A Worryingly Dry Start
The 2026 southwest monsoon has had a sluggish and concerning start. As of late June, the country faced a significant rainfall deficit of over 40%, making it one of the driest Junes on record. The India Meteorological Department (IMD) noted that cumulative
rainfall from June 1st to 28th was just 85.2 mm, far below the long-period average of 149.8 mm. This deficiency is widespread, with central India experiencing a shortfall of 56% and other regions also reporting significantly less rain than normal. While the monsoon did arrive in Kerala around June 4th, it failed to advance with its usual vigour, stalling for nearly two weeks and leaving vast agricultural belts parched.
The Direct Hit on Kharif Sowing
This lack of rain comes at the most critical time for India’s farmers: the sowing season for kharif crops.
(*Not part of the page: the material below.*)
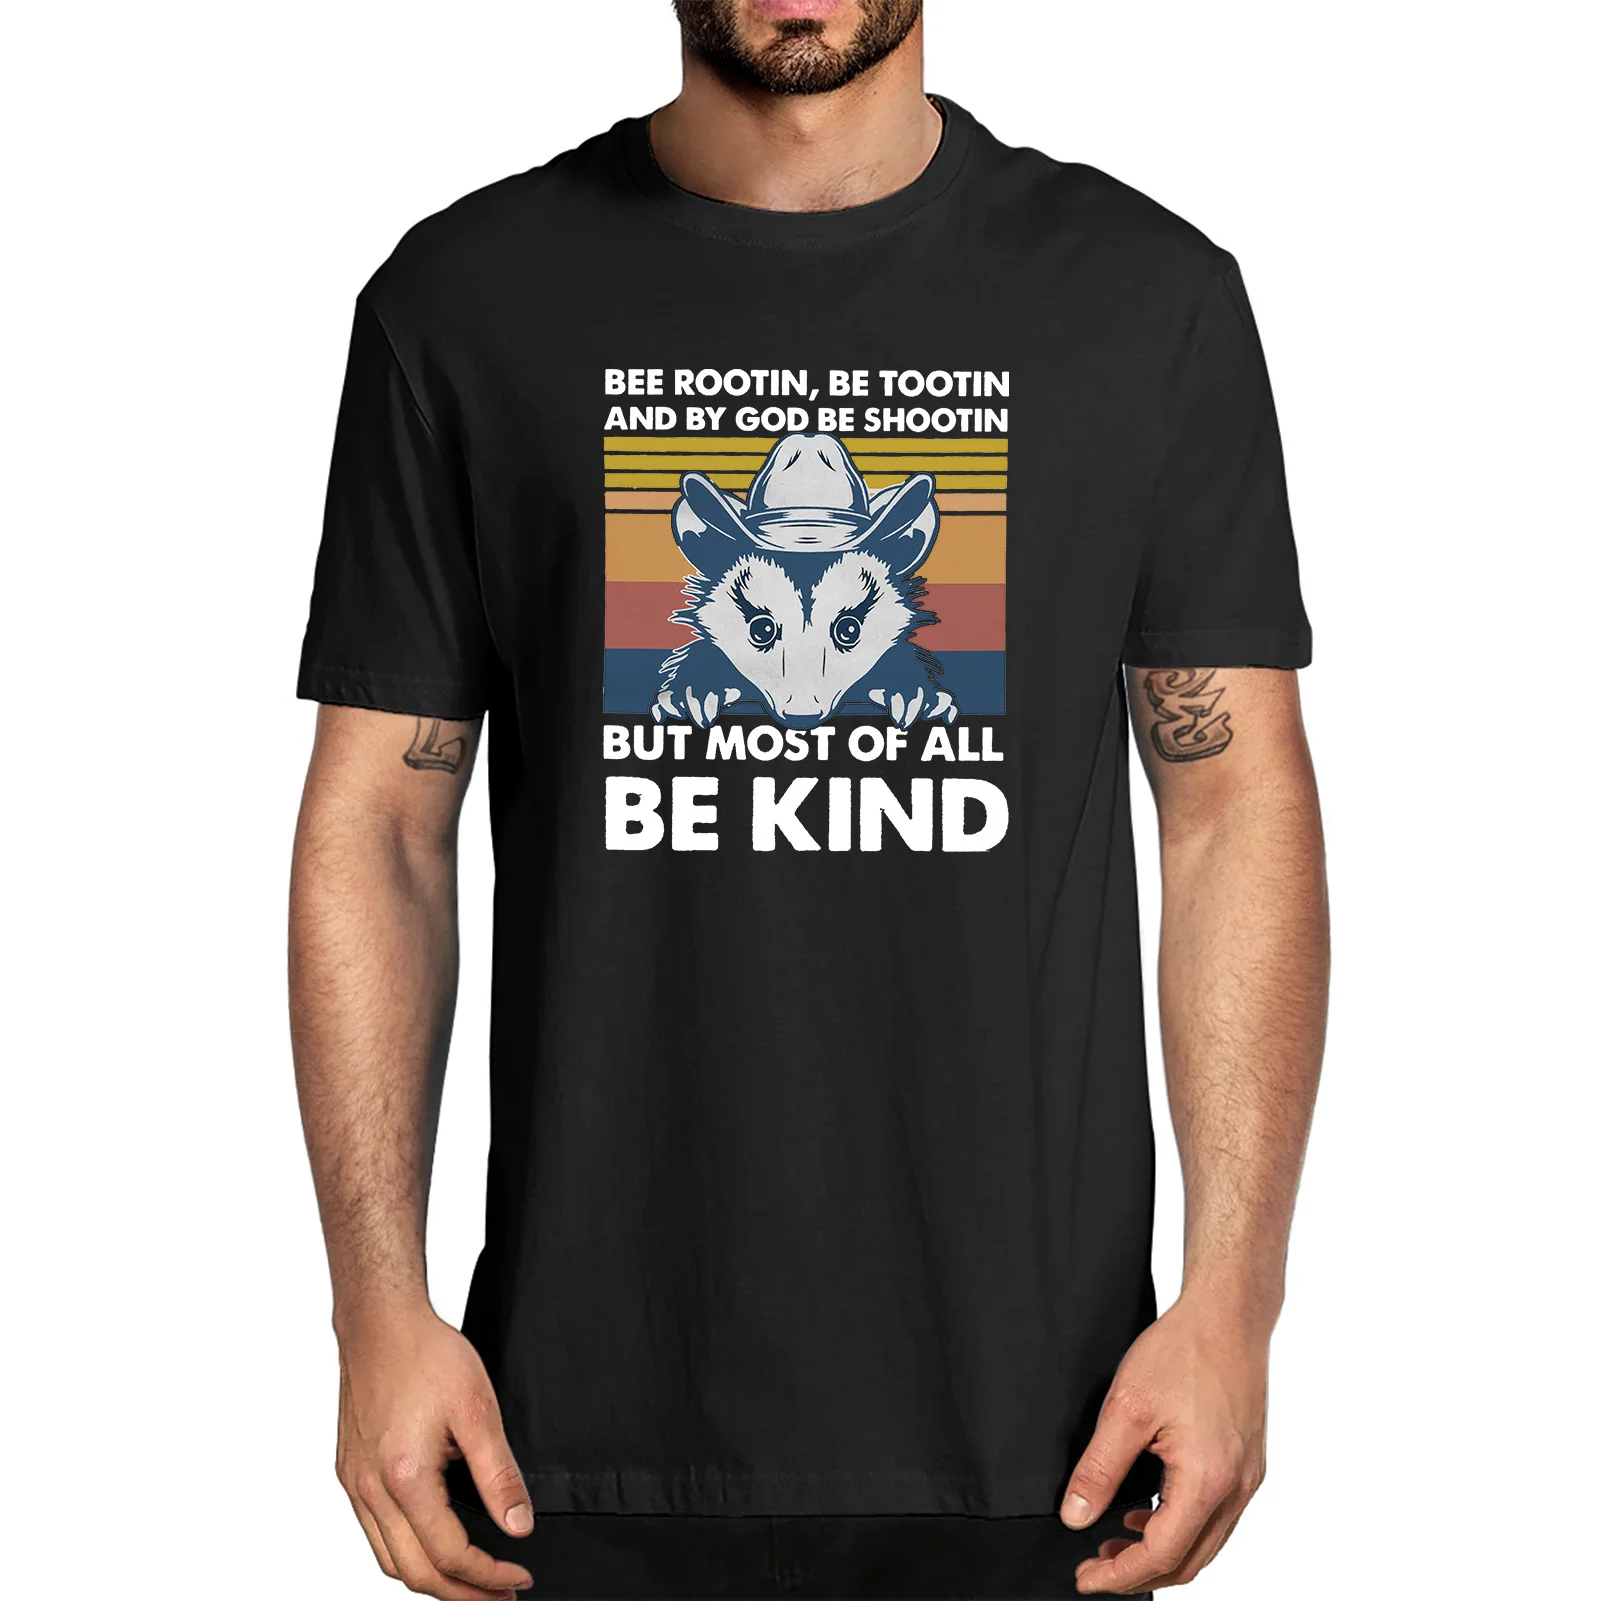 

Opossum Bee Rootin Be Tootin And By God Be Shootin But Most Of All Be Kind Inspired Funny Summer Men's 100% Cotton T-Shirt Tee
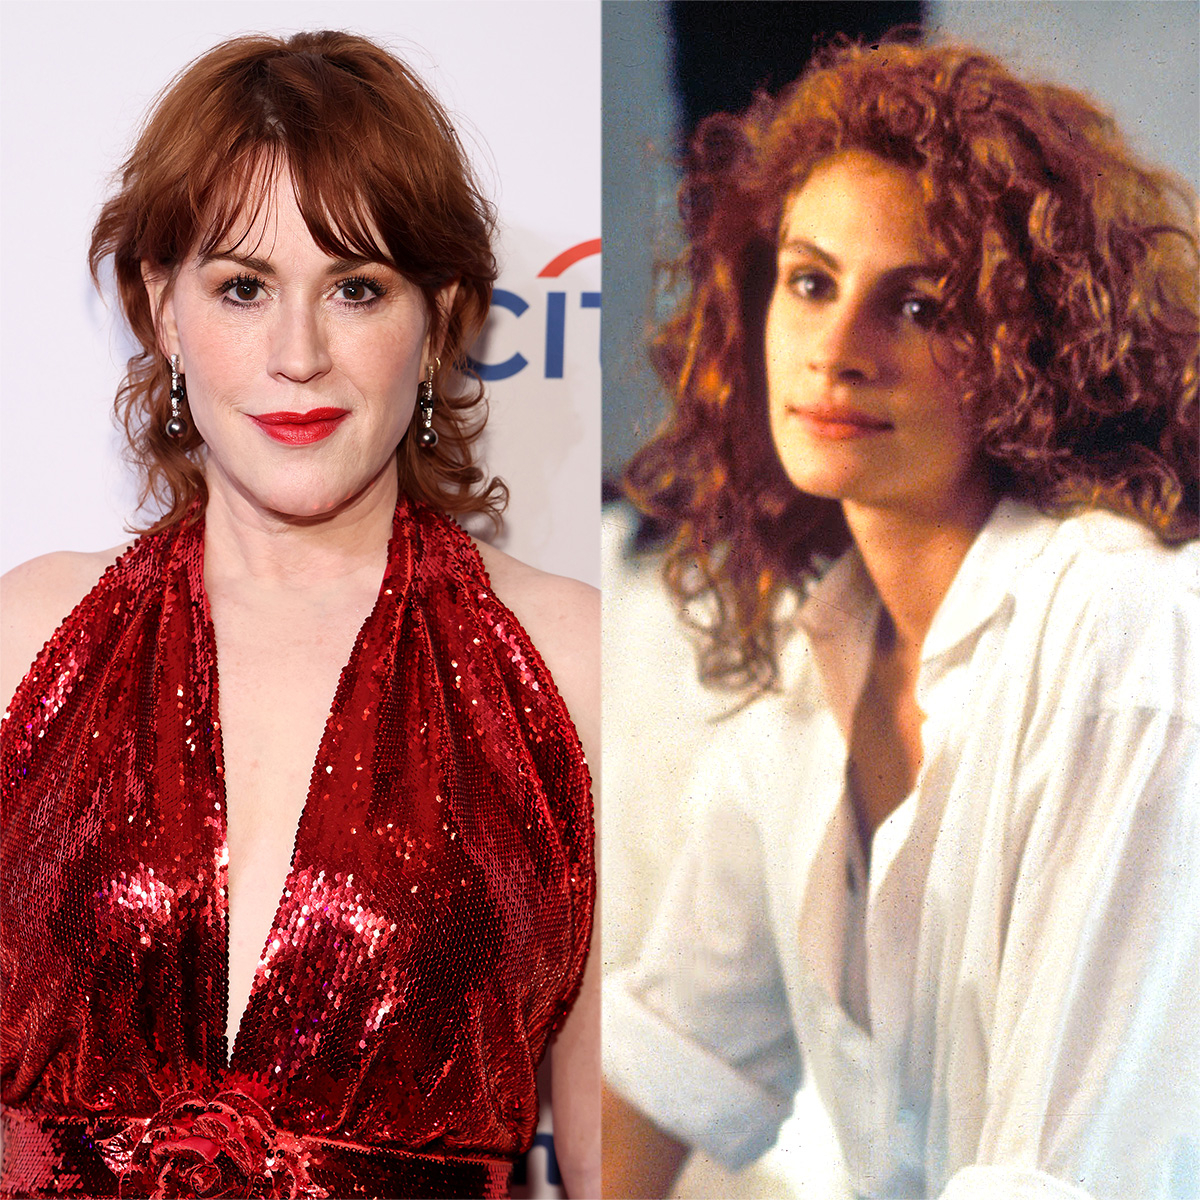 https://akns-images.eonline.com/eol_images/Entire_Site/2023329/rs_1200x1200-230429131942-1200.molly-ringwald-julia-roberts-pretty-woman-2.jpg?fit=around%7C1200:1200&output-quality=90&crop=1200:1200;center,top

These are the summer crops, including rice, pulses (like arhar and moong), soybeans, cotton, and coarse cereals, which are heavily dependent on monsoon rains. The weak start to the monsoon has directly impacted sowing activities. While early data from mid-June showed that rice and bajra planting had started on a positive note, the sowing of crucial crops like pulses, cotton, and soybean was lagging behind the previous year's pace. A significant delay or deficit in rainfall can shrink the total area under cultivation and reduce crop yields, threatening the output of essential food items. The government has already identified over 300 districts as potentially vulnerable to the weak monsoon, with 111 of them marked as high priority due to their limited irrigation coverage.
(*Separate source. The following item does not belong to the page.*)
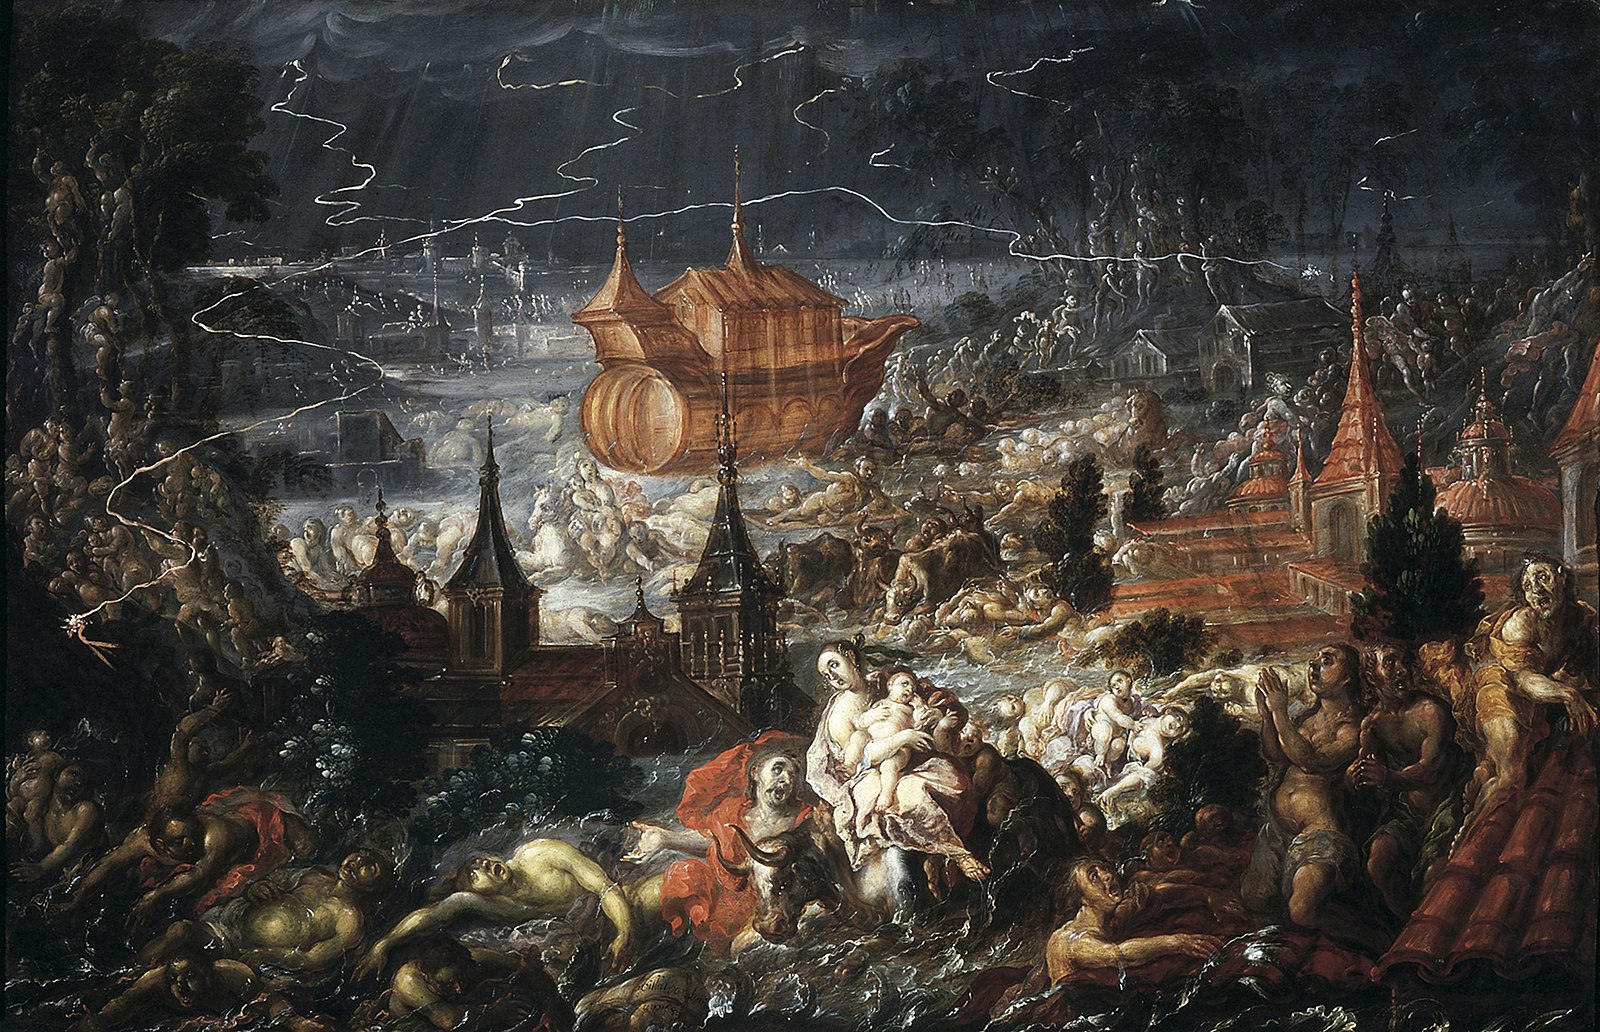 A dark scene at night with a boat and storm waters and people drowning

From Fields to Your Kitchen
The connection between farm output and your grocery bill is direct. A lower-than-expected harvest means reduced supply in the market, which inevitably pushes prices up. Perishable items like vegetables are often the first to react. Recent data from mid-June already shows volatility, with tomato prices accelerating sharply due to the intense summer heat and supply issues. While potato prices have been stable due to good storage from a previous bumper crop, the prices of leafy vegetables have seen dramatic spikes. If the monsoon doesn't pick up, staples like pulses and edible oils could be next. India often imports pulses and edible oils to meet domestic demand, and lower domestic production would increase this reliance, making the country susceptible to global price trends. An expected 10% deficit in monsoon rains could add as much as a full percentage point to headline inflation, driven primarily by food prices.
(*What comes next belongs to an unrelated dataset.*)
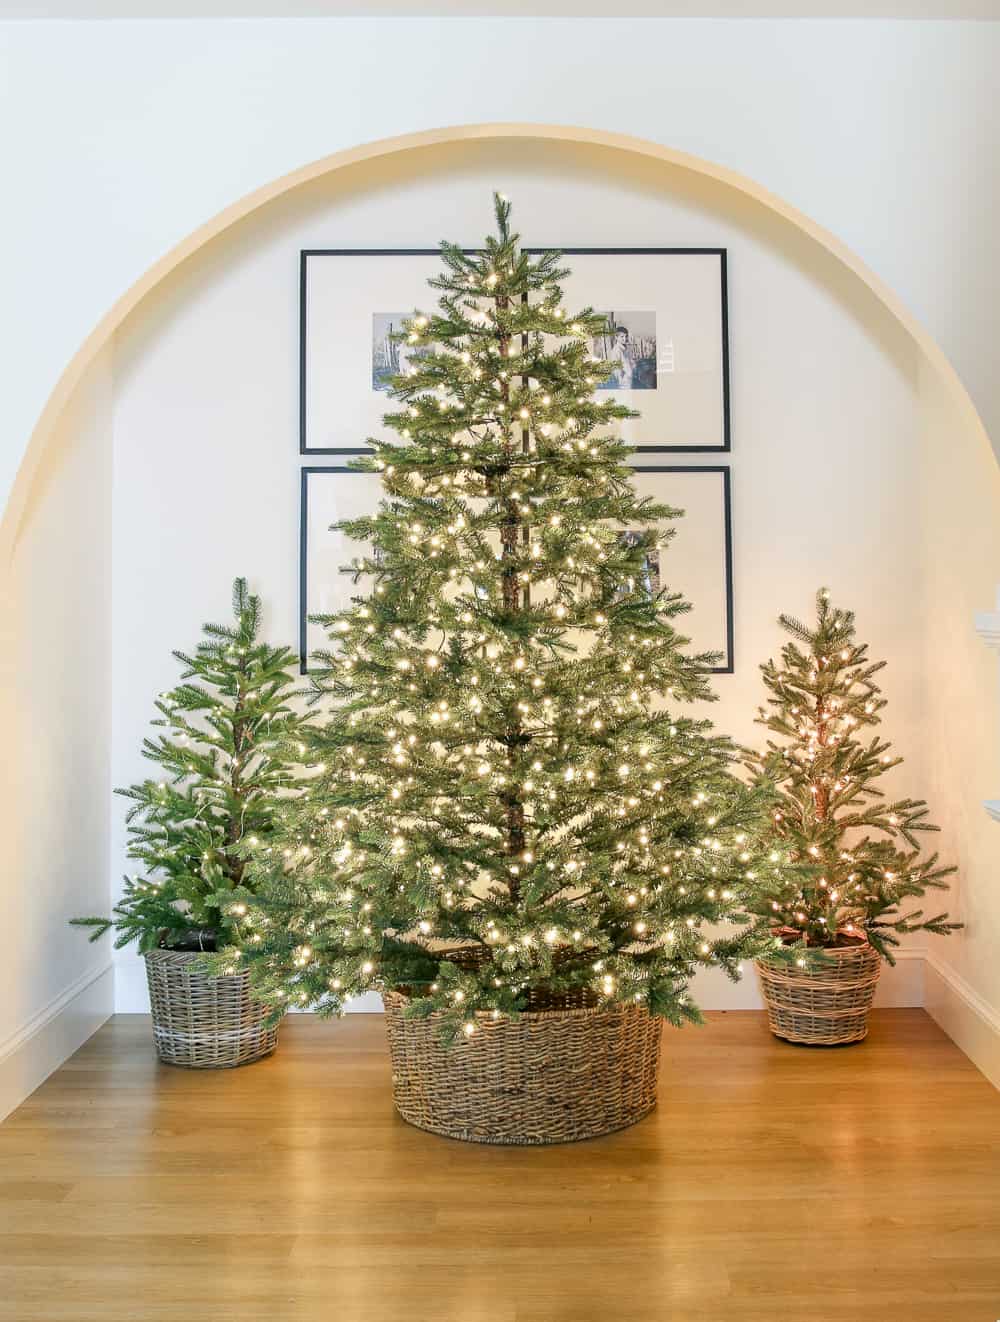 Artificial Christmas tree display in arched niche. Tall one in center and small ones on either side. All are in baskets and pre-lit but have no ornaments

Beyond the Harvest: A Wider Economic Impact
The monsoon's influence extends far beyond the kharif season. The rains are crucial for replenishing reservoirs, which provide drinking water and are essential for irrigating the next cycle of winter crops (rabi crops), such as wheat. Low reservoir levels can also strain hydropower production. Furthermore, since the agricultural sector provides livelihoods for nearly half of India's population, a poor monsoon can depress rural incomes. This leads to a drop in rural demand for everything from fast-moving consumer goods to two-wheelers, creating a drag on the broader economy. While India has built some resilience against weak monsoons through buffer stocks of grains like rice and wheat, these stockpiles do not cover perishables, pulses, or oilseeds, leaving the food economy vulnerable.